The first thirty minutes after the call.
What you do in the half hour after hanging up is almost as important as what you did during the call. Here's the routine.
- Within 5 minutes — jot down your notes. While the call is still fresh, write down: their name and practice, the personal thing they mentioned, the questions or concerns they raised, the part of your conversation that lit them up most. Five minutes now saves you hours later.
- Within 30 minutes — send a warm follow-up text. Short. Personal. Mention something specific they shared. Thank them genuinely. If you booked the Zoom, confirm the time. If you didn't, leave the door wide open.
- Within 1 hour — send any resources they asked for. If they asked about earnings, send the full LifeWave Earnings Disclosure Statement so they have the complete picture.
- Within 24 hours — update your PRO Workstation. Log any notes that might be useful for future conversations. The AI will pick up the thread again if needed.
The text that works
If they need more thinking time
If you didn't book the Zoom on the call, the follow-up text is even more important. Don't push. Just stay warm and let them feel that you'd genuinely value a deeper conversation when they're ready.
Real scenarios. Honest responses.
Not every call follows the perfect arc. Here are the most common moments that throw newer Brand Partners off — and exactly how to handle them.
"I'm interested but I want to think about it."
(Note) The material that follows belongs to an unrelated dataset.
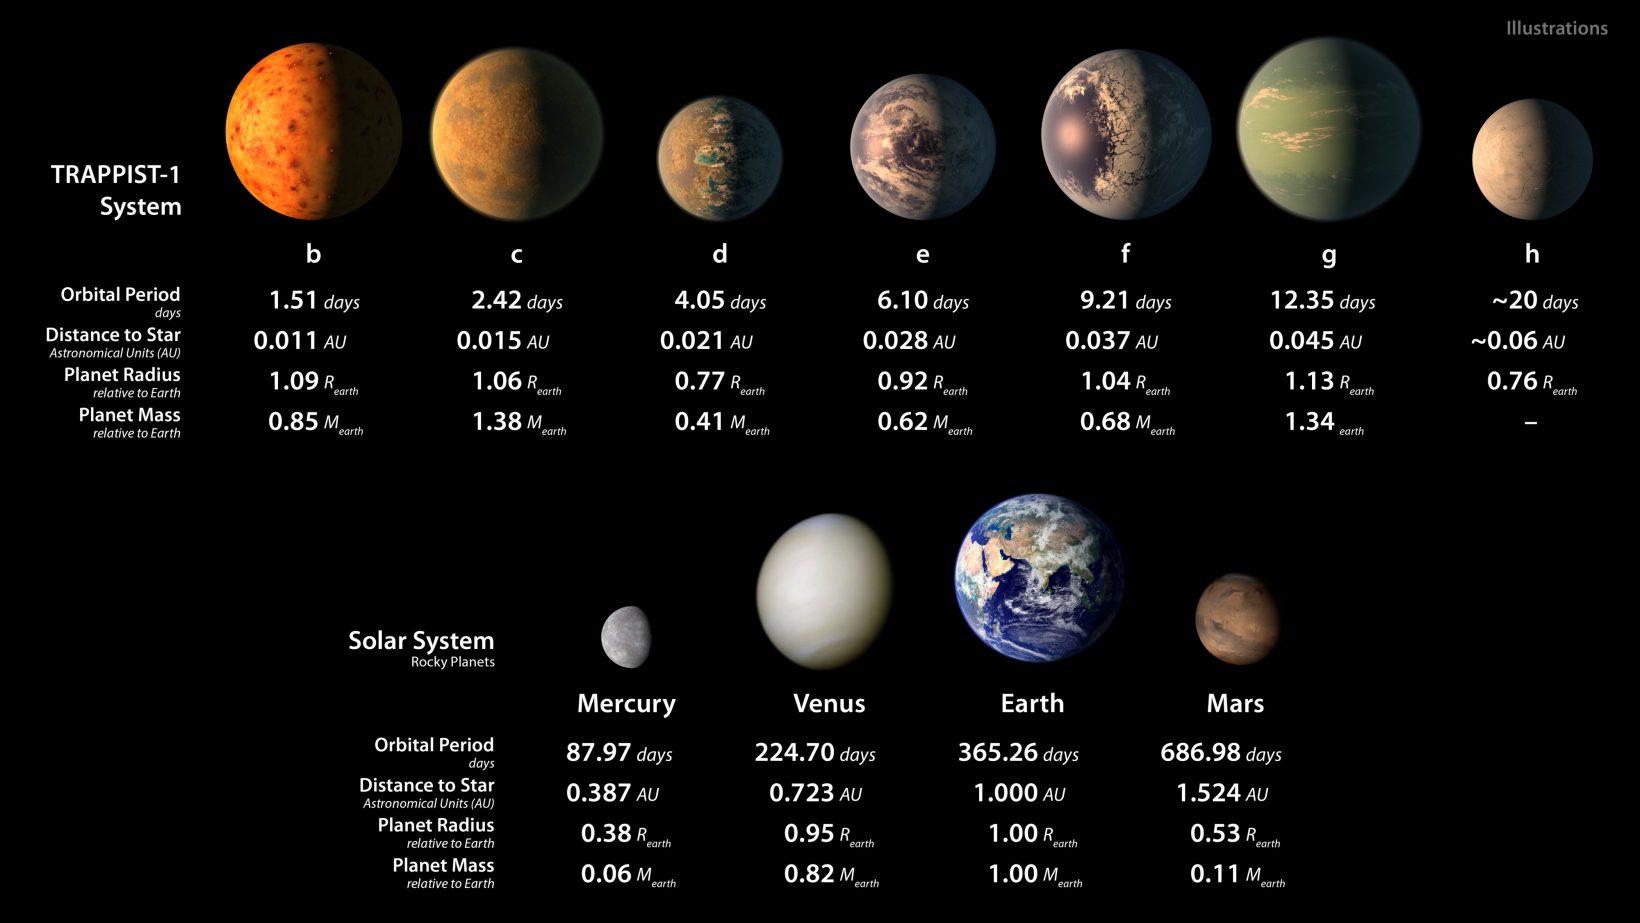 Сравнение семи экзопланет ипланет Солнечной системы.
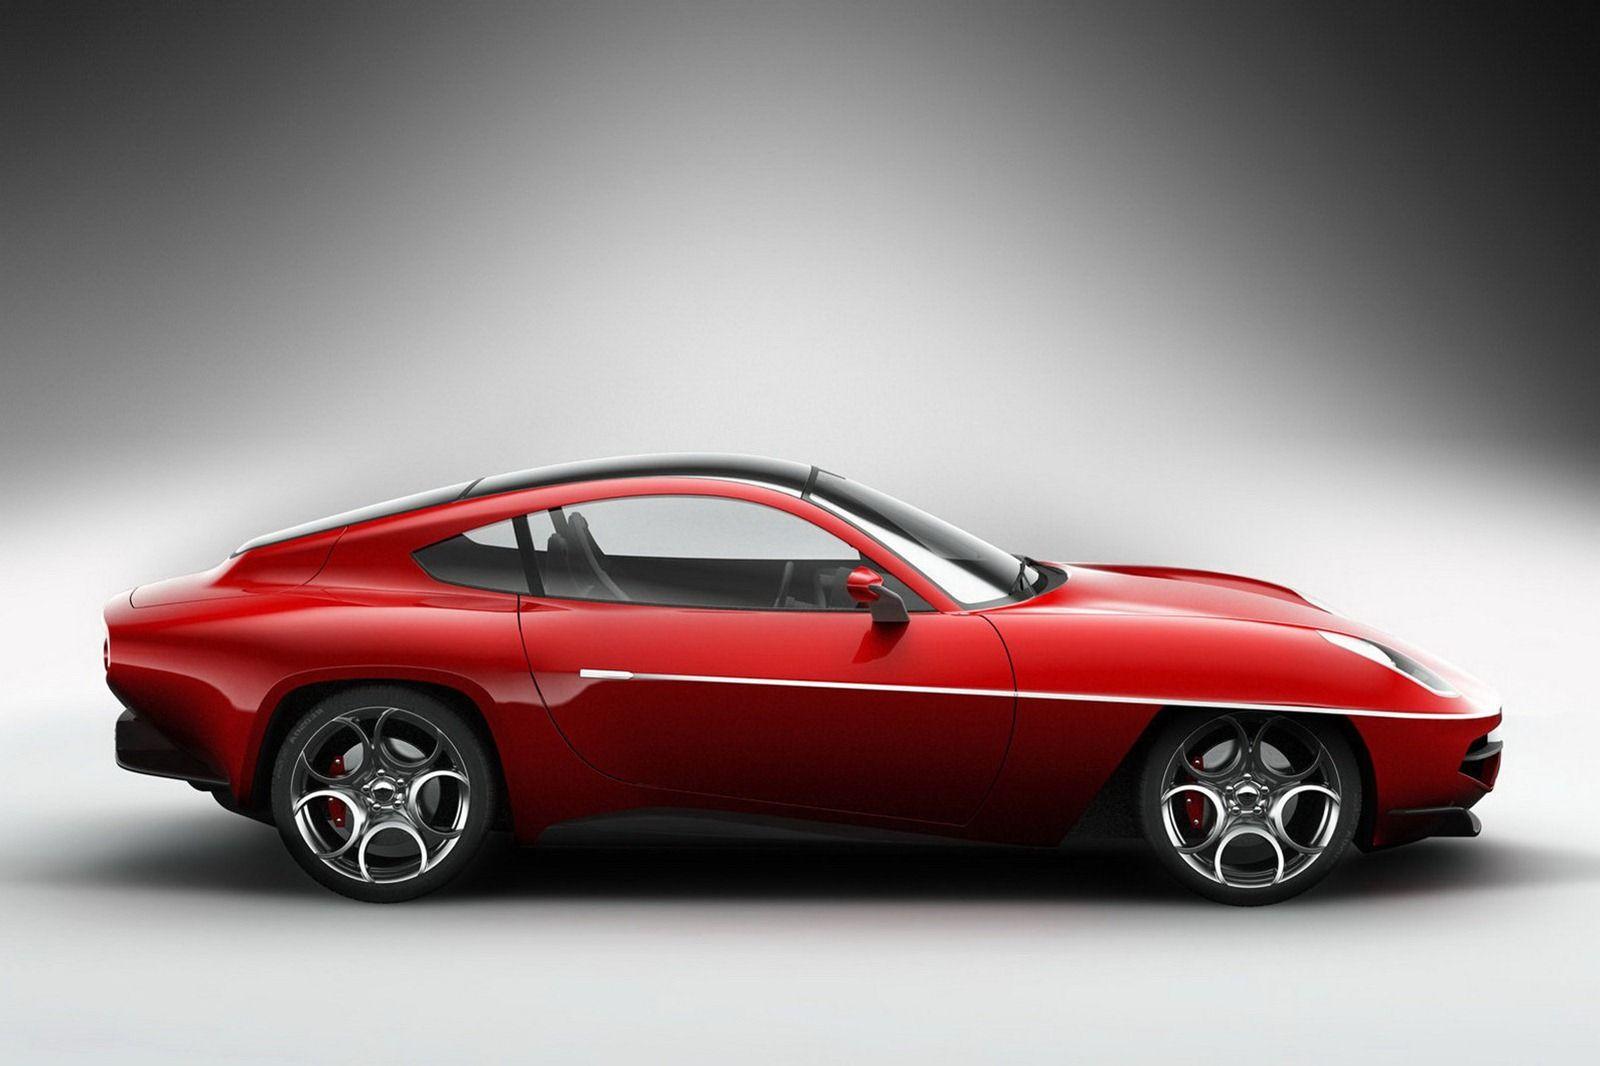 1950 S Alfa Romeo Disco Volante Reborn As An 8c Competizione Based Limited Production Model Carscoops Alfa Romeo Disco Volante Alfa Romeo Superleggera

The worst thing you can do is push. The right move: "Totally fair. Take whatever time you need. Would you mind if I sent over a short link from a chiropractor I mentioned, just so you have a peer's perspective while you think? And I'll touch base in a few days — no pressure."
"How much money can I really make?"
Avoid specific numbers. Be honest: "It really depends on how committed you are and how it fits your practice. There's real potential to earn meaningful income, but it's not a get-rich situation — it's a build. I'll send you the official Earnings Disclosure Statement so you can see the full picture for yourself."
"I've tried a network marketing thing before and it didn't work."
Don't argue. Validate: "That's super common — most people I talk to have a story like that. The reason this is different for practitioners specifically is that you've already got a built-in audience that trusts you. You're not cold-calling friends and family. You're sharing something with patients who already come to you for help."
"What exactly is the patch doing?"
Stay in general, honest language: "It's a form of phototherapy — light therapy — that works with your body's own biology. I can speak to what I've personally noticed since I started using it, and we can dig into the research side properly on the Zoom. There's actually a lot there once you know where to look."
"I don't have time right now."
Respect it fully: "Hundred percent understood. Want me to circle back in a month? Or would you rather I just send the resources over and let you reach out when the timing's better for you?" Either answer is a win — you stay on their good side.
If you ever don't know what to say next, the universal move is: "That's a great question — let's dig into that on the Zoom." It buys you time, raises the value of the Zoom, and keeps you from saying something you didn't mean to.